You're right. Ive worked in restaurants. I never messed with anyone's food. But I've seen things😂. Right or wrong, this is just how the universe works.


----------



## ANThonyBoreDaneCook (Oct 7, 2019)

mch said:


> Until then, go get your own food.


Well since it's a WaWa in Delco, let me see if I can guess the order

2 Monster Energy Drink (Tropical Thunder)

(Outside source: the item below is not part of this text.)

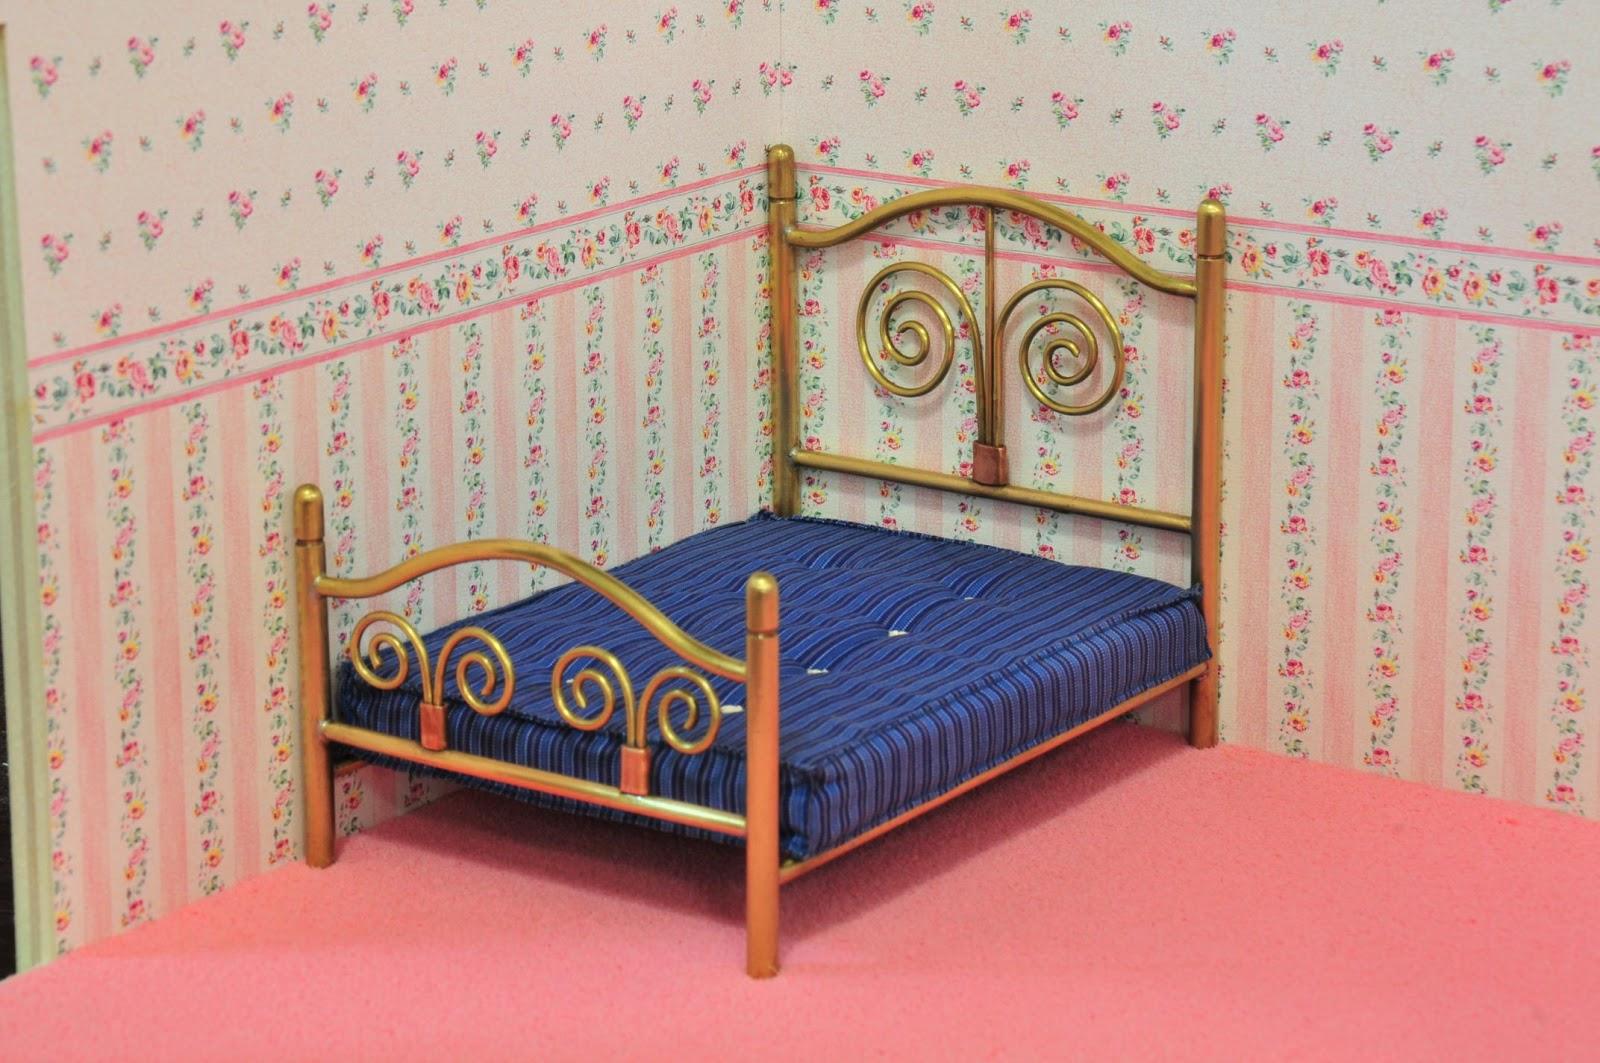 Drap miniatures camas de forja - Camas de forja ...
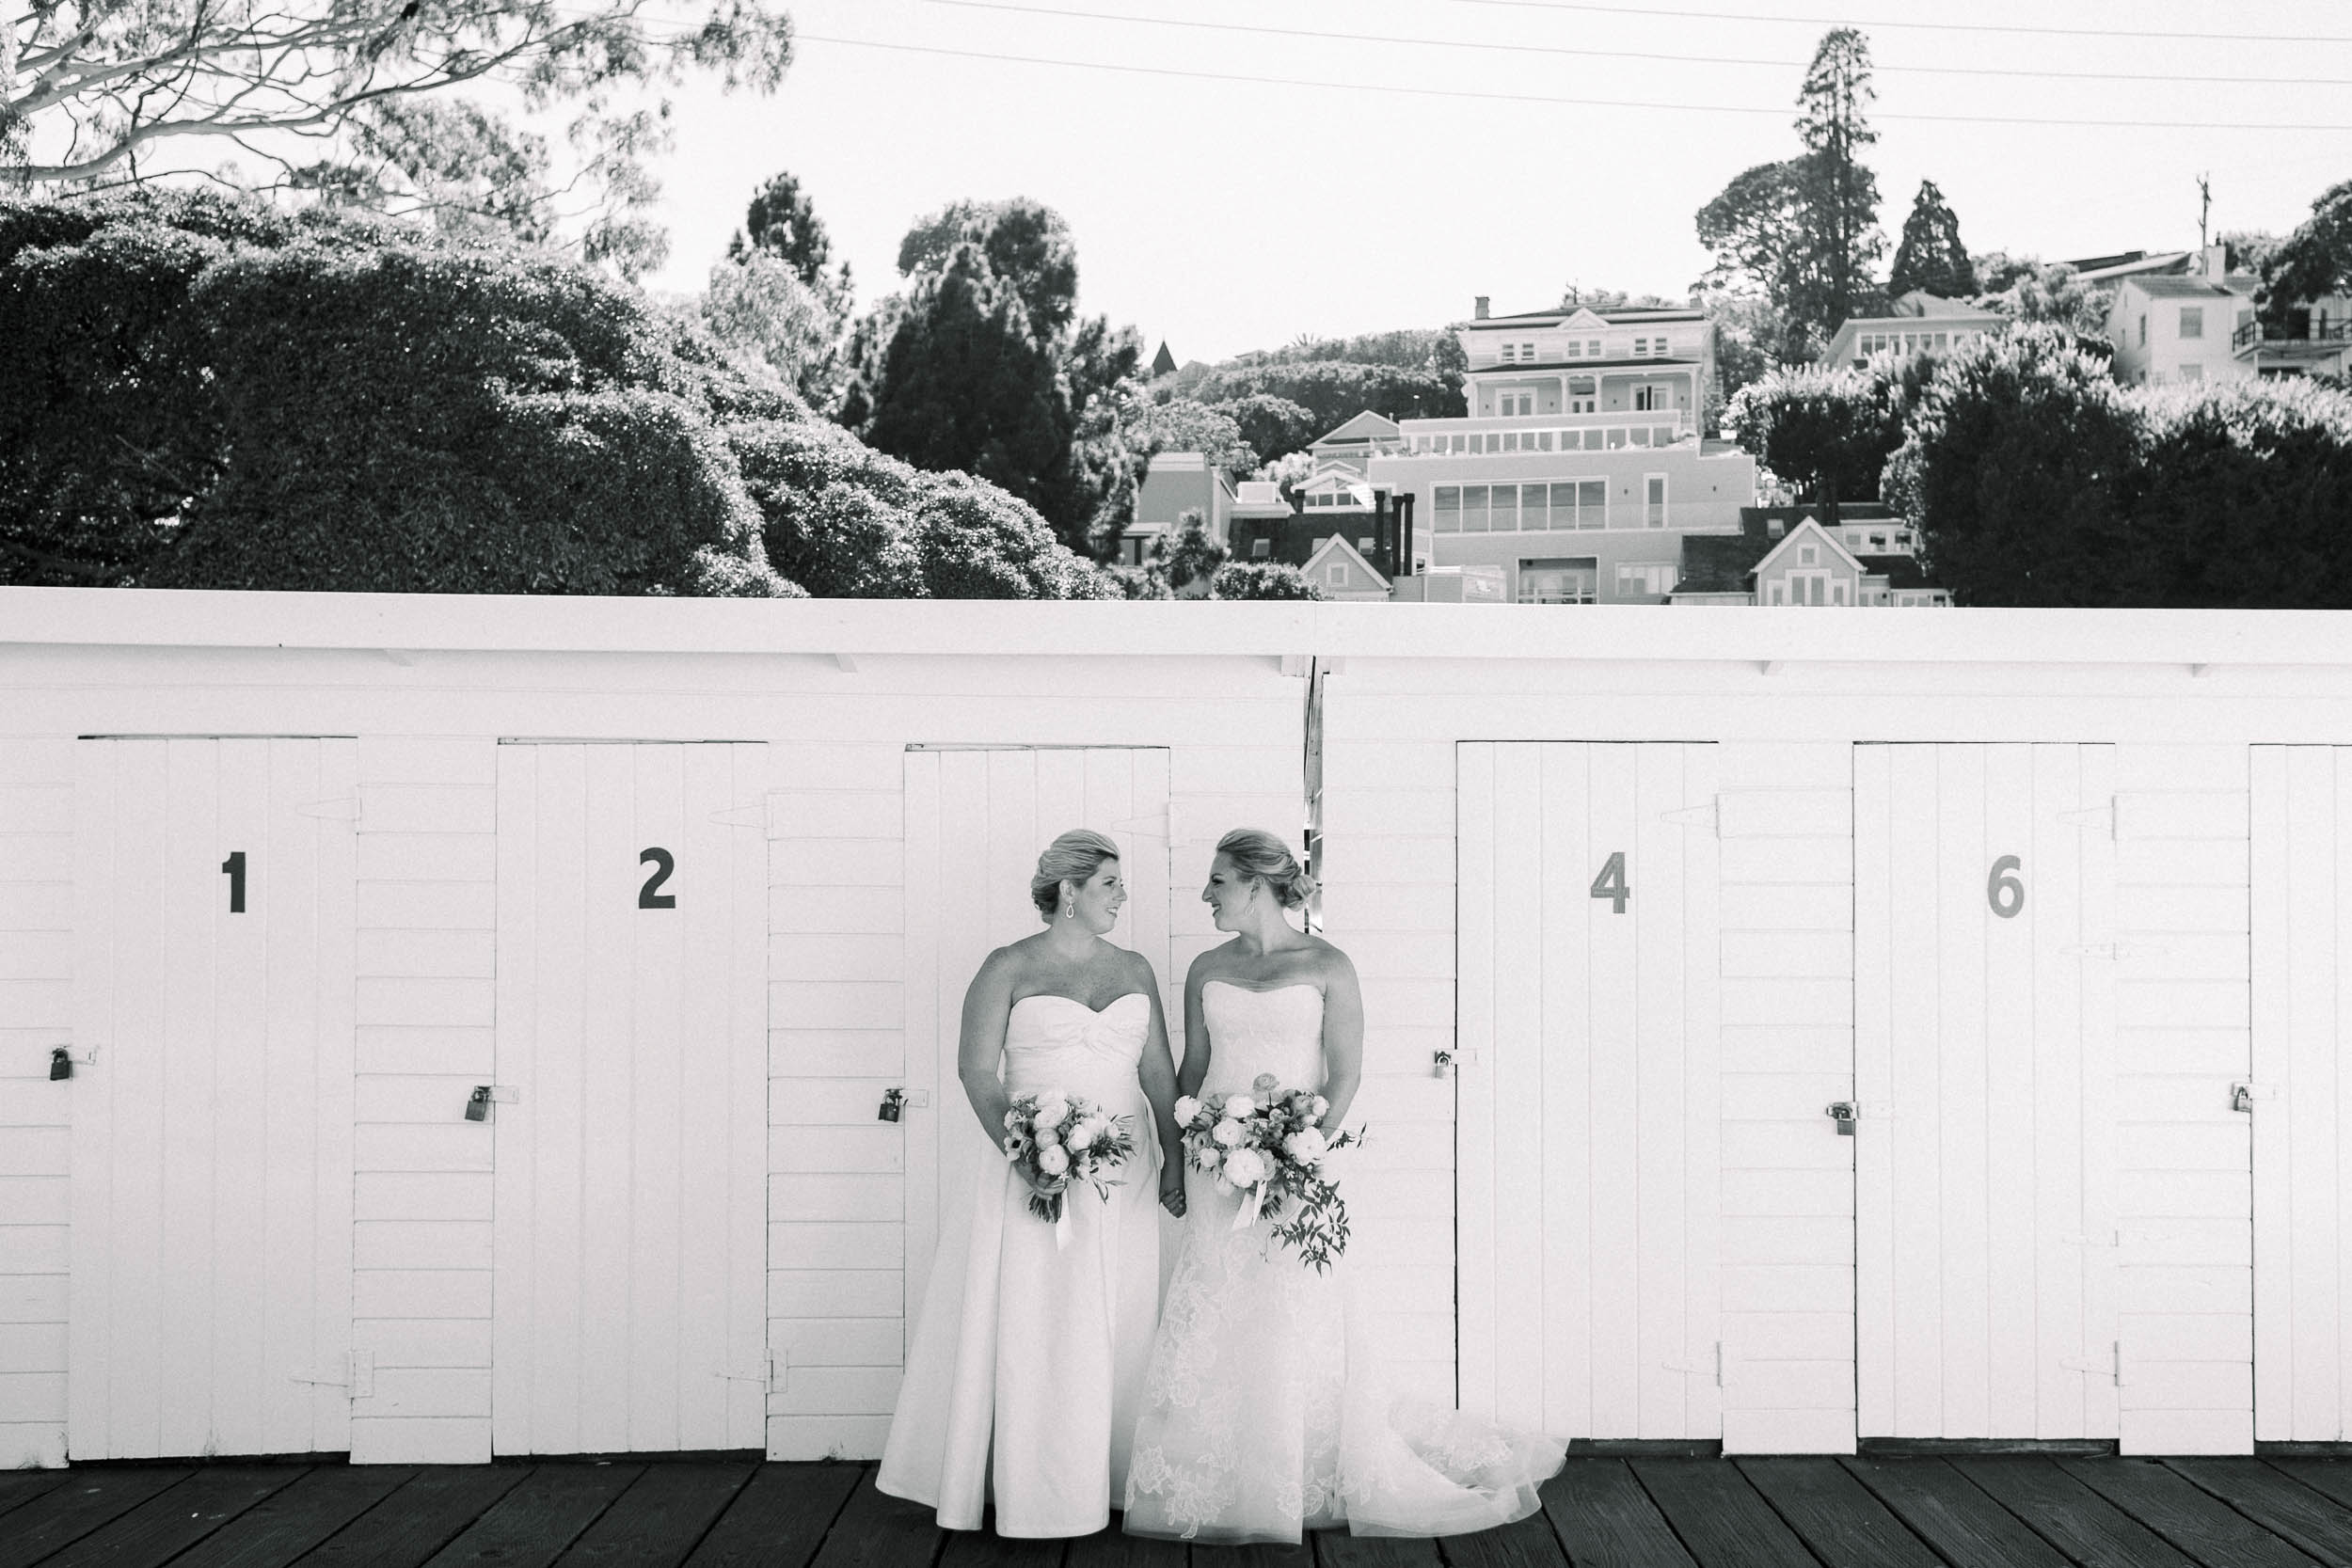 092218ER186_Sausalito Yacht Club Wedding_Buena Lane Photography.jpg

1 grape flavored blunt wrap

1 pack Camel Crush Menthol Cigarettes

1 copy of Marcus Hook Illustrated

1 pack of Sudafed

2 Sierra Mist

1 Pack of Anaconda Natural Male Enhancement


----------



## Uberdriver2710 (Jul 15, 2015)




----------



## MontcoUberDriver (Aug 14, 2018)

tohunt4me said:


> I might kill someone over that.
> 
> Don't **** with my food


I’m off the streets because I caught the Covid. If I was a sociopath I was take those $2.25 orders and spit on the food.


----------



## MontcoUberDriver (Aug 14, 2018)

ANThonyBoreDaneCook said:


> Marcus Hook Illustrated


When did they rename plumpers magazine?


----------



## 25rides7daysaweek (Nov 20, 2017)

mch said:


> You're right. Ive worked in restaurants. I never messed with anyone's food. But I've seen things😂. Right or wrong, this is just how the universe works.





mch said:


> Hell no. You're more than welcome to work 50-60 hours a week like I do so you can afford to compensate people properly for their labor. Until then, go get your own food.
> 
> I hope whoever picked this order up used his hoagie as a fleshlight.
> 
> View attachment 637873


Is there a waiting for me when I get there?
If you are a Male, Is your mom home?


----------



## Soldiering (Jan 21, 2019)

That guy deserves what he gets. I got a double UE order the other day for 3.83. I accepted just long enough too message both idiots telling them too TIP an then cancelled it. Im starting too hate ubers customers


----------



## mch (Nov 22, 2018)

ANThonyBoreDaneCook said:


> Well since it's a WaWa in Delco, let me see if I can guess the order
> 
> 2 Monster Energy Drink (Tropical Thunder)
> 
> ...


White T shirts, kratom, kiwi strawbery bananna marangue flavored jewel pods and cbd gummies weren't on the list. Johnny Delco gets those in person at the Kwik mart because there's video poker machines there.


----------



## SinCityAngel (Jul 7, 2019)

So now I have two questions for the OP:

1) doesn't look like you have to deliver the food very far (although, you may have to travel far just to get to the restaurant first and that would suck). How much is gas per gallon right now in your area?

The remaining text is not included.